BEGIN Data below
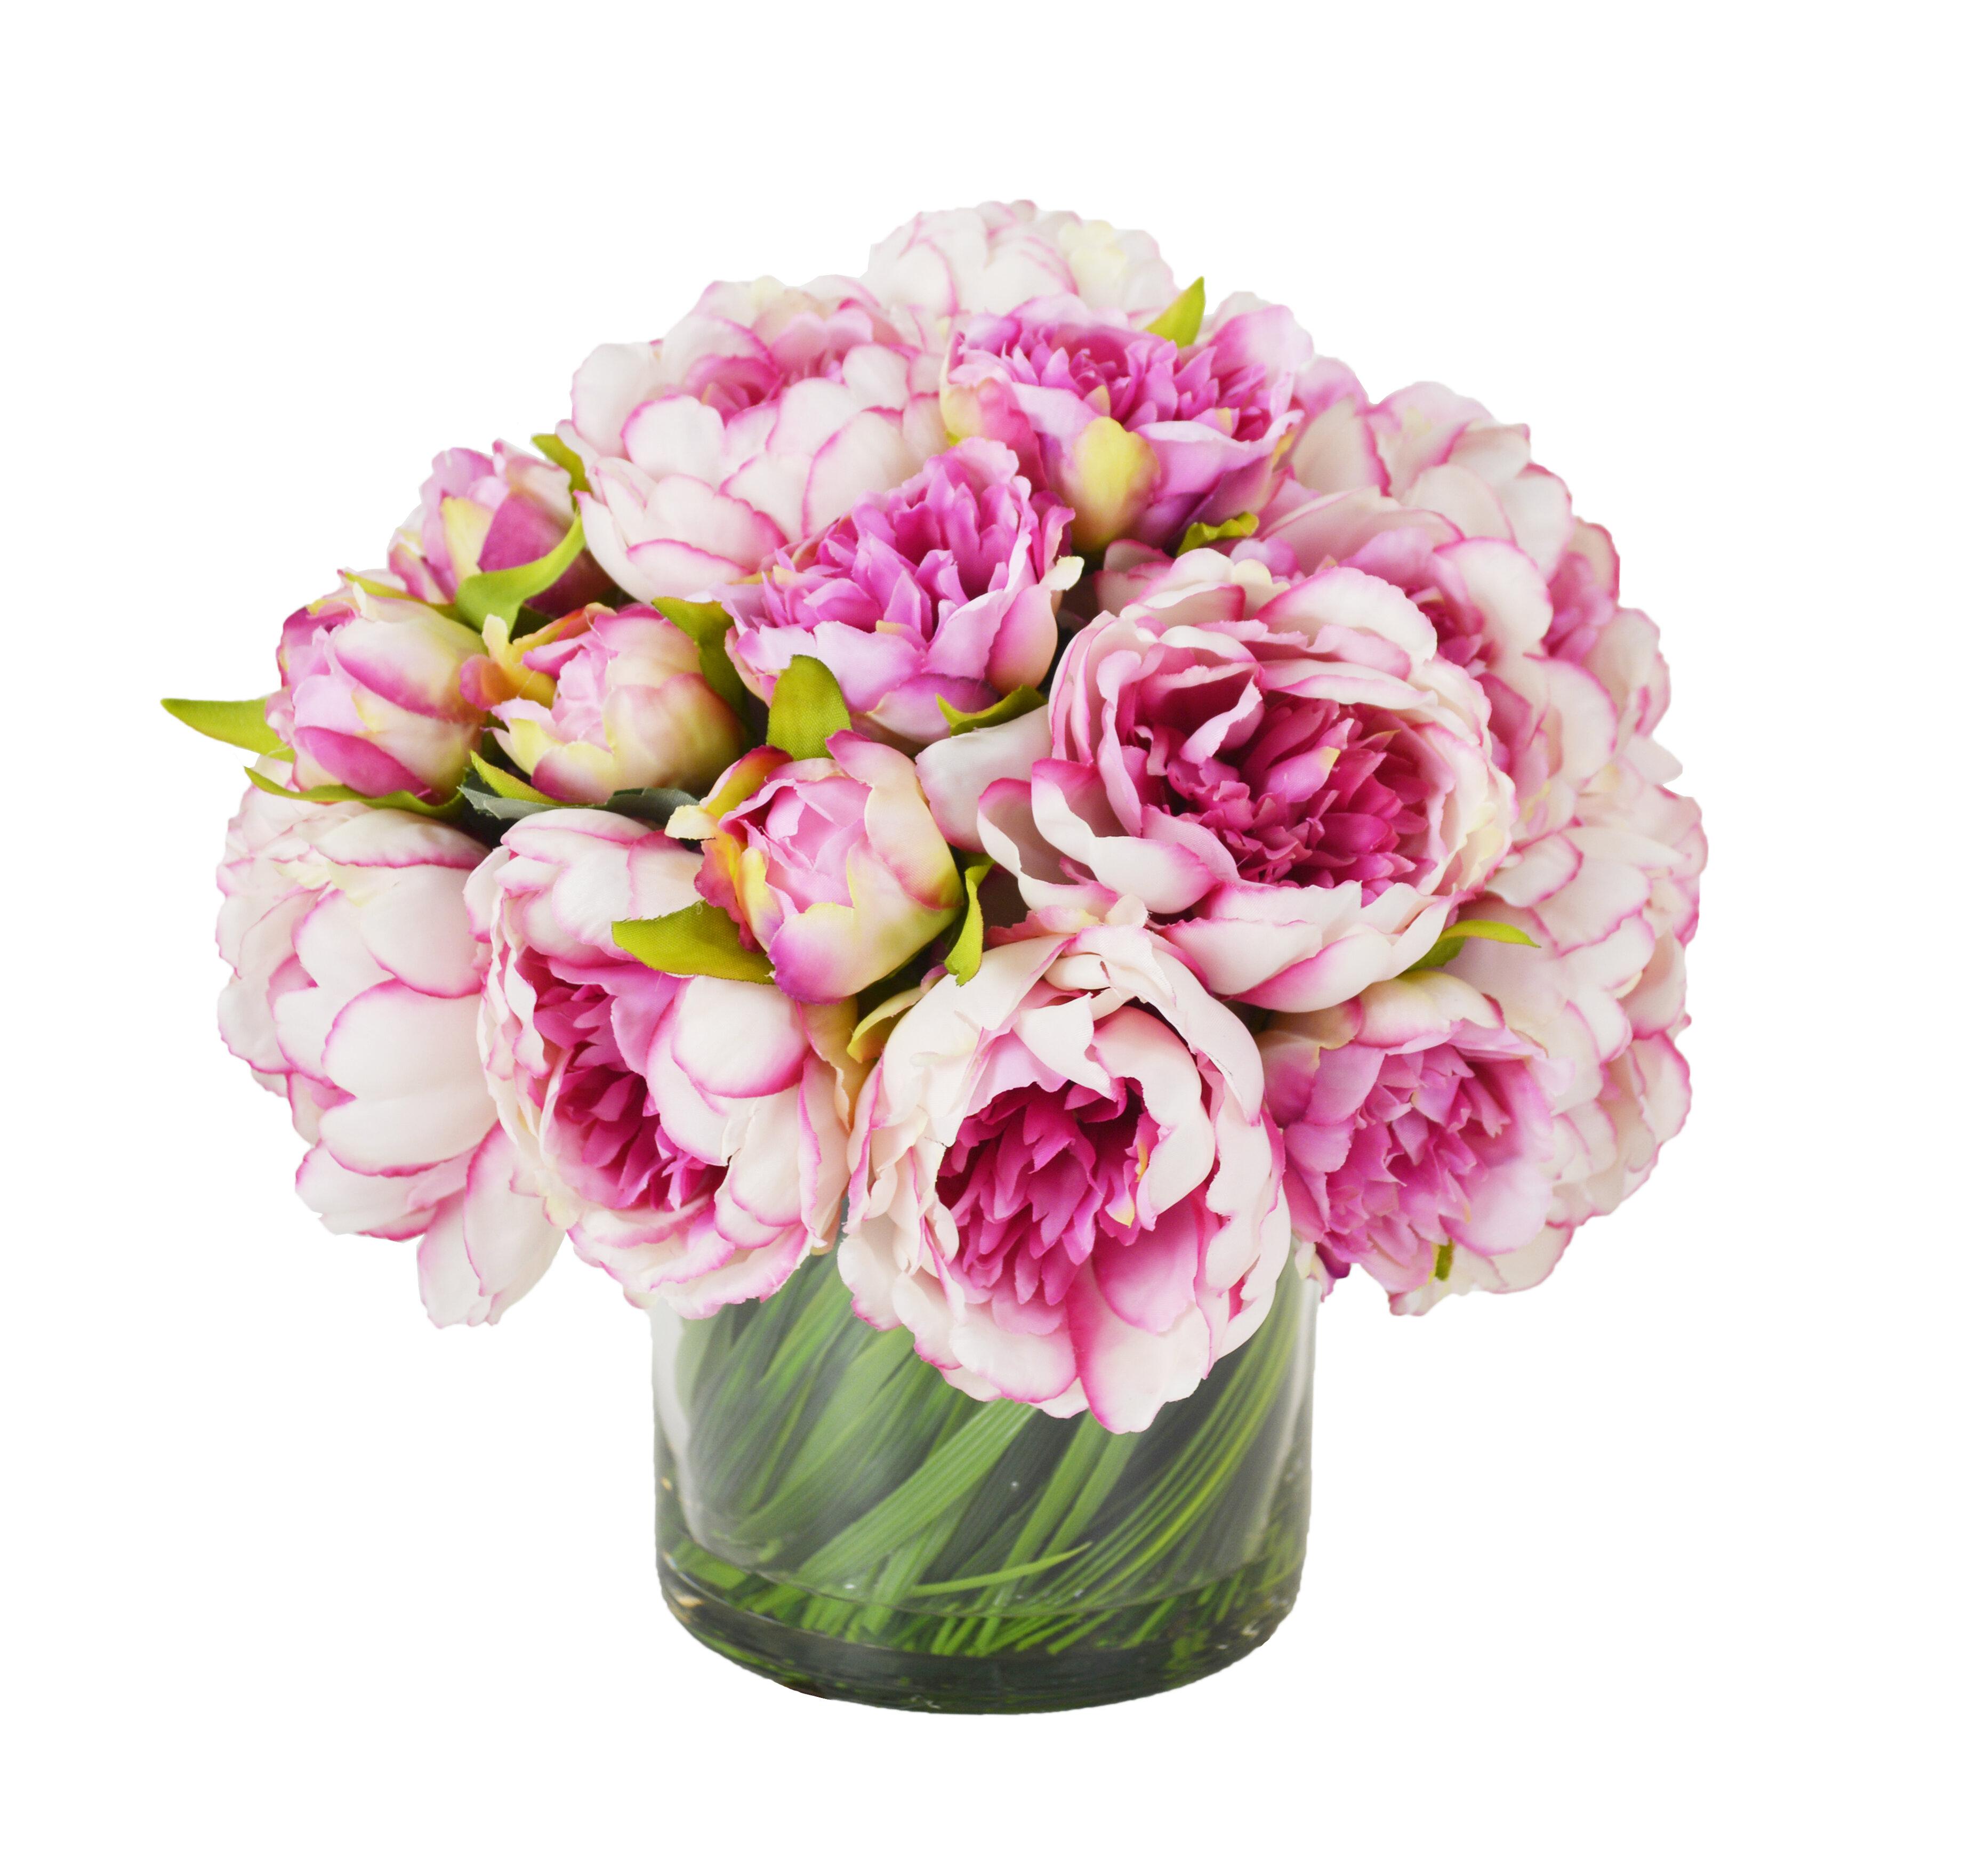 Willa arlo interiors faux magenta pink peony floral arrangement willa arlo interiors faux magenta pink peony floral arrangement in glass vase reviews wayfair reviewsmspy
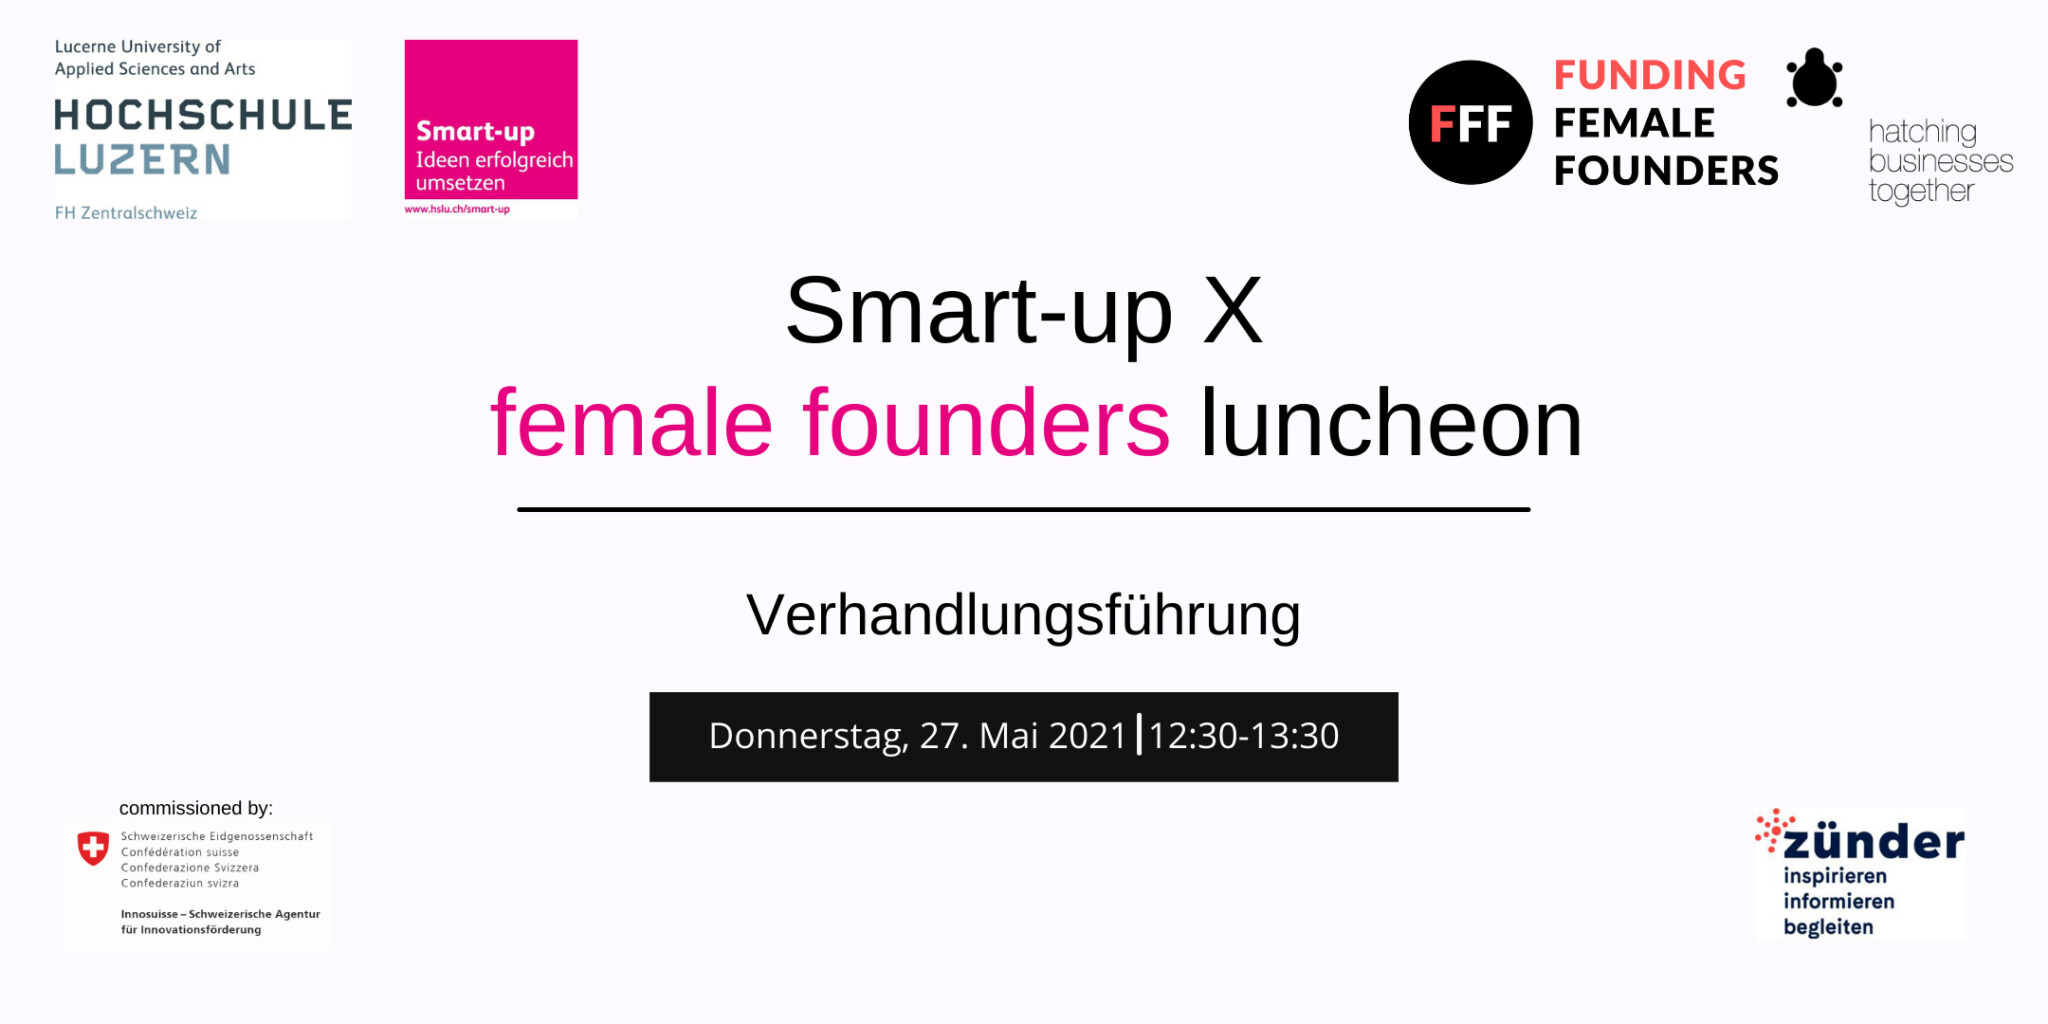 Smart-up X female founders luncheon – Verhandlungsführung
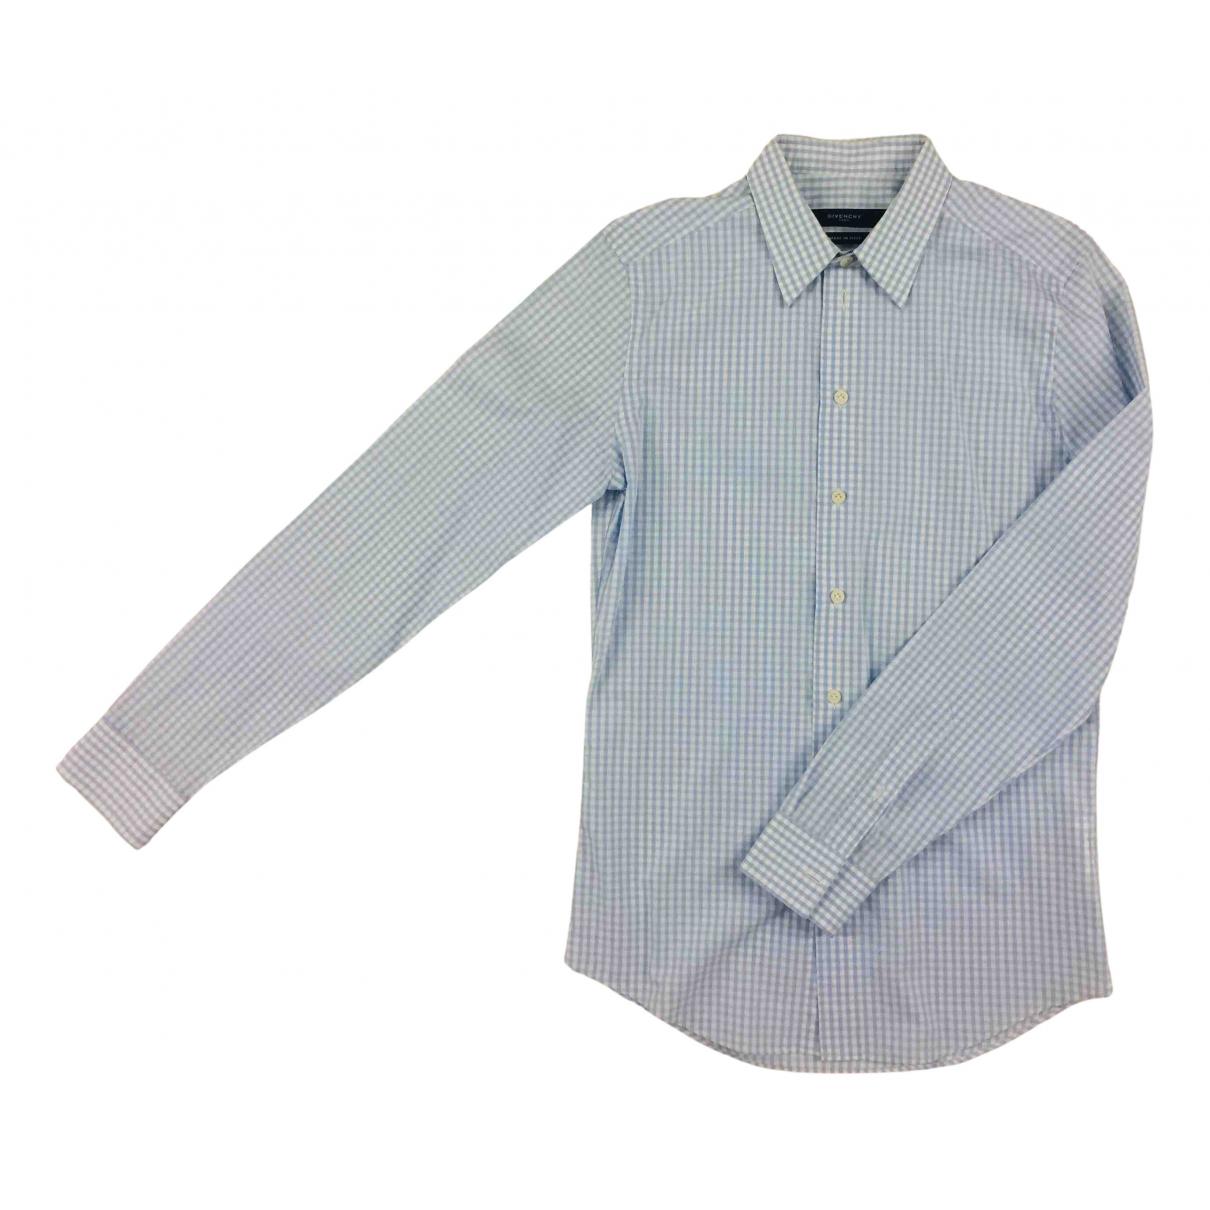 Givenchy N Blue Cotton Shirts for Men 39 EU (tour de cou / collar)
END Data below
Work request: From the line containing "Smart-up X female" down to the final line of the listing above, write out only those lines exactly as they are, minus the pictures.

Exercise result:
 Smart-up X female founders luncheon – Verhandlungsführung
 Givenchy N Blue Cotton Shirts for Men 39 EU (tour de cou / collar)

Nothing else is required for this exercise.